#### REQUIRED ACTION
Among the lines below, restate word for word only those from the line with "Big Trees Market" through the line with "ddg-69 uss milius", with both end lines kept.

#### SUPPLIED DATA
'''

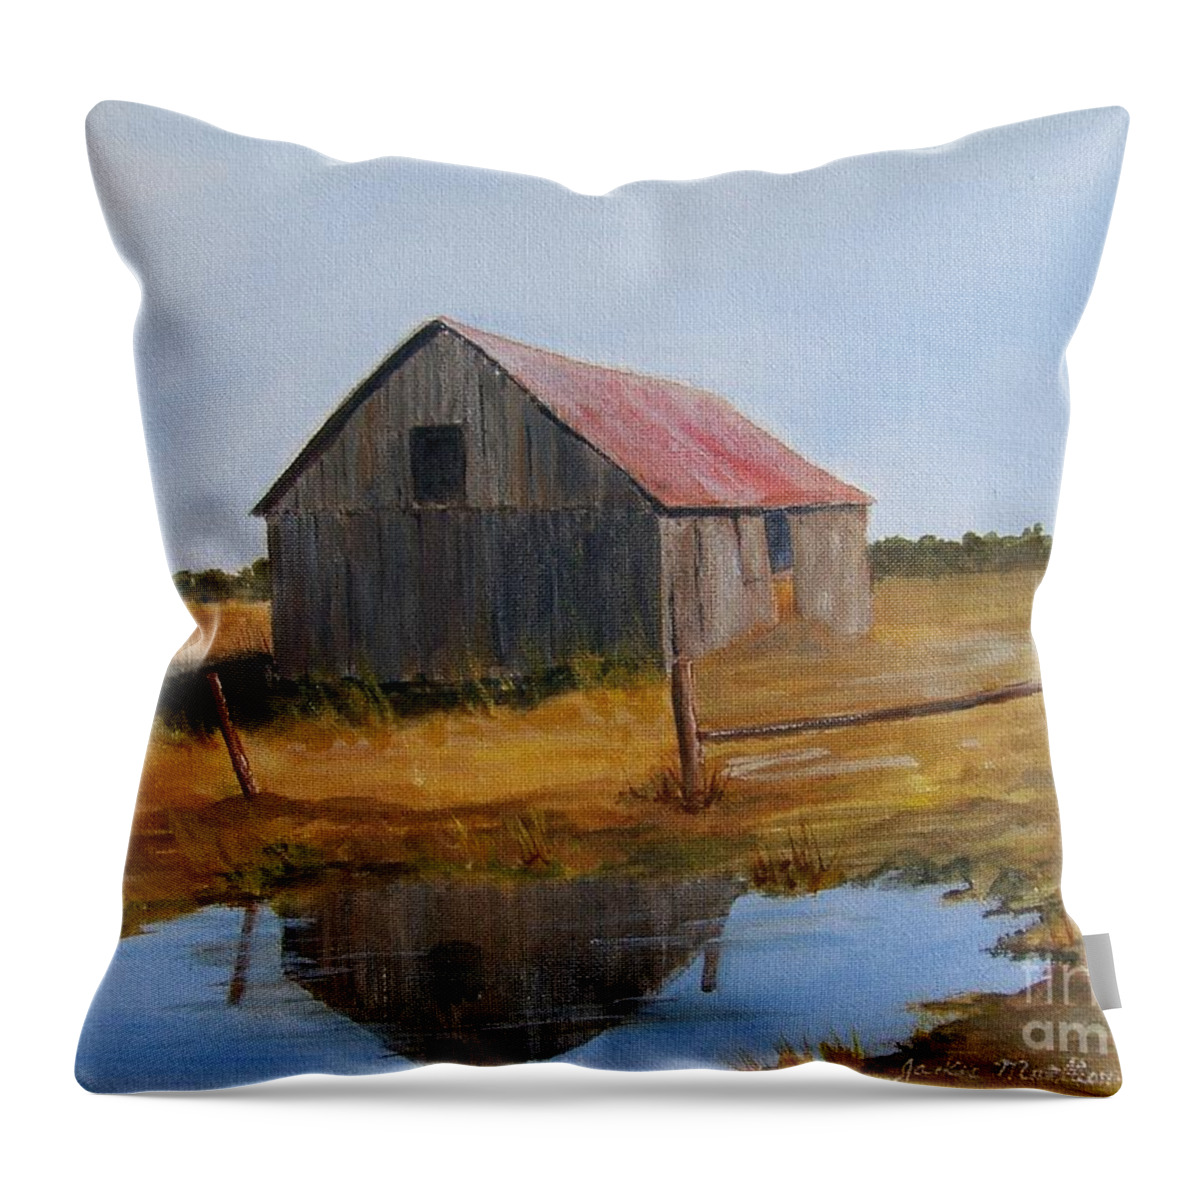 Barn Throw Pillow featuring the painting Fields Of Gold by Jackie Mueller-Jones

'''
'''

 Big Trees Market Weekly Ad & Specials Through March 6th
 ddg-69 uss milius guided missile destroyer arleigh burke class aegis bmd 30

'''

#### EXERCISE ANSWER
 Big Trees Market Weekly Ad & Specials Through March 6th
 ddg-69 uss milius guided missile destroyer arleigh burke class aegis bmd 30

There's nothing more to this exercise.